For intel driver loading ends on definition device. It seems chip in this notebook is not intel or too new.

In every case I've used `Xorg -configure` and after that have commented the first device in xorg.conf.


----------



## matchcase (Jul 8, 2013)

Yes, the laptop uses "Optimus technology". I've tried:


 Specifying one device as you suggested.
 Two devices as suggested on NVIDIA's website.

The BIOS does not let me disable either of the graphics. I can get the system to boot completely if I don't install NVIDIA's driver. But then the OS is not using the GPU which defeats the whole purpose of having a GPU in the first place.


----------



## wblock@ (Jul 8, 2013)

Time to ask NVidia about what should be done for FreeBSD Optimus systems.  As far as I know, only the Intel driver is usable, and then only with FreeBSD 9.1 or later and KMS.  But I have no systems like that to test.


----------



## ornicum (Jul 8, 2013)

So, it seems any decision will come not soon.
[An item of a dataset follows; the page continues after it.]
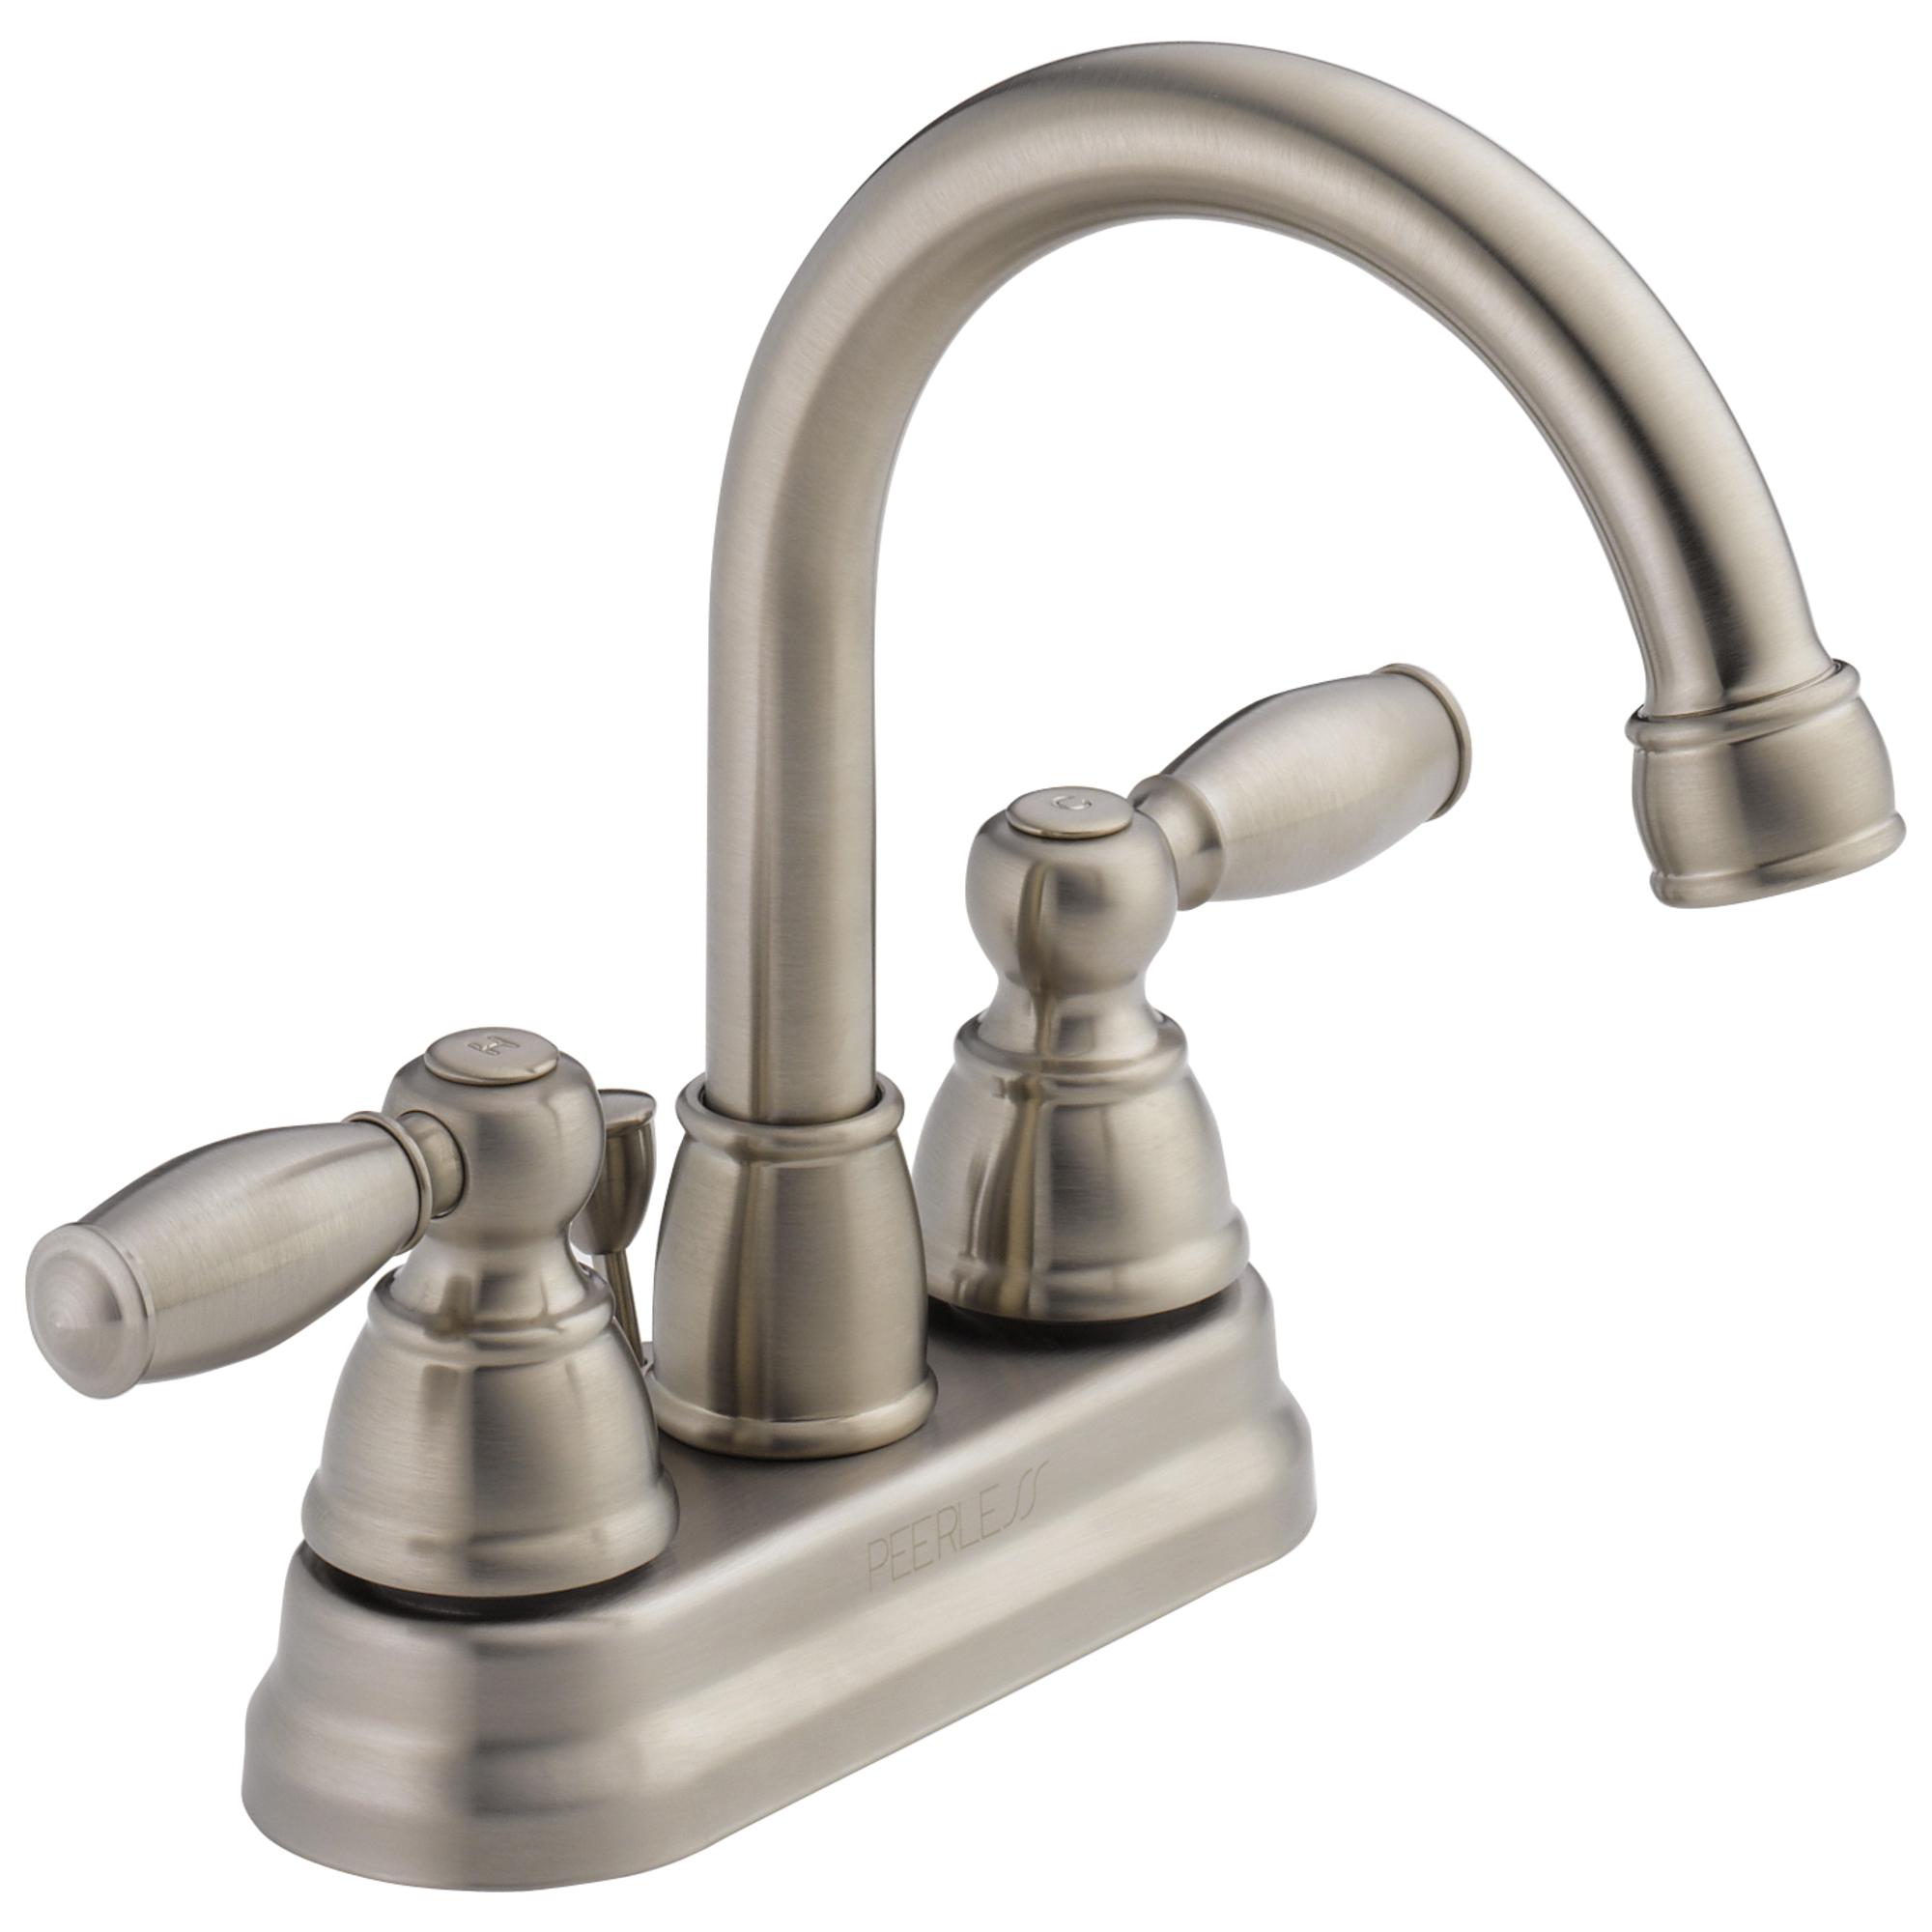 Peerless® P299685LF-BN Centerset Lavatory Faucet, Brilliance® Brushed Nickel, 2 Handles, Pop-Up Drain, 1.2 gpm

Am I wrong? Just I need _the_ notebook working completely. It's a part of my work. And my old laptop is dying.


----------



## matchcase (Jul 9, 2013)

@ornicum,

I have a thread on nVidia's site on this issue here

Based on a response I got, I was able to avoid that "mode change fail" error and finally load X, but it fails to load GLX. How it was done is listed there. I suggest you check it out and explain your situation and maybe we can get a response from nVidia...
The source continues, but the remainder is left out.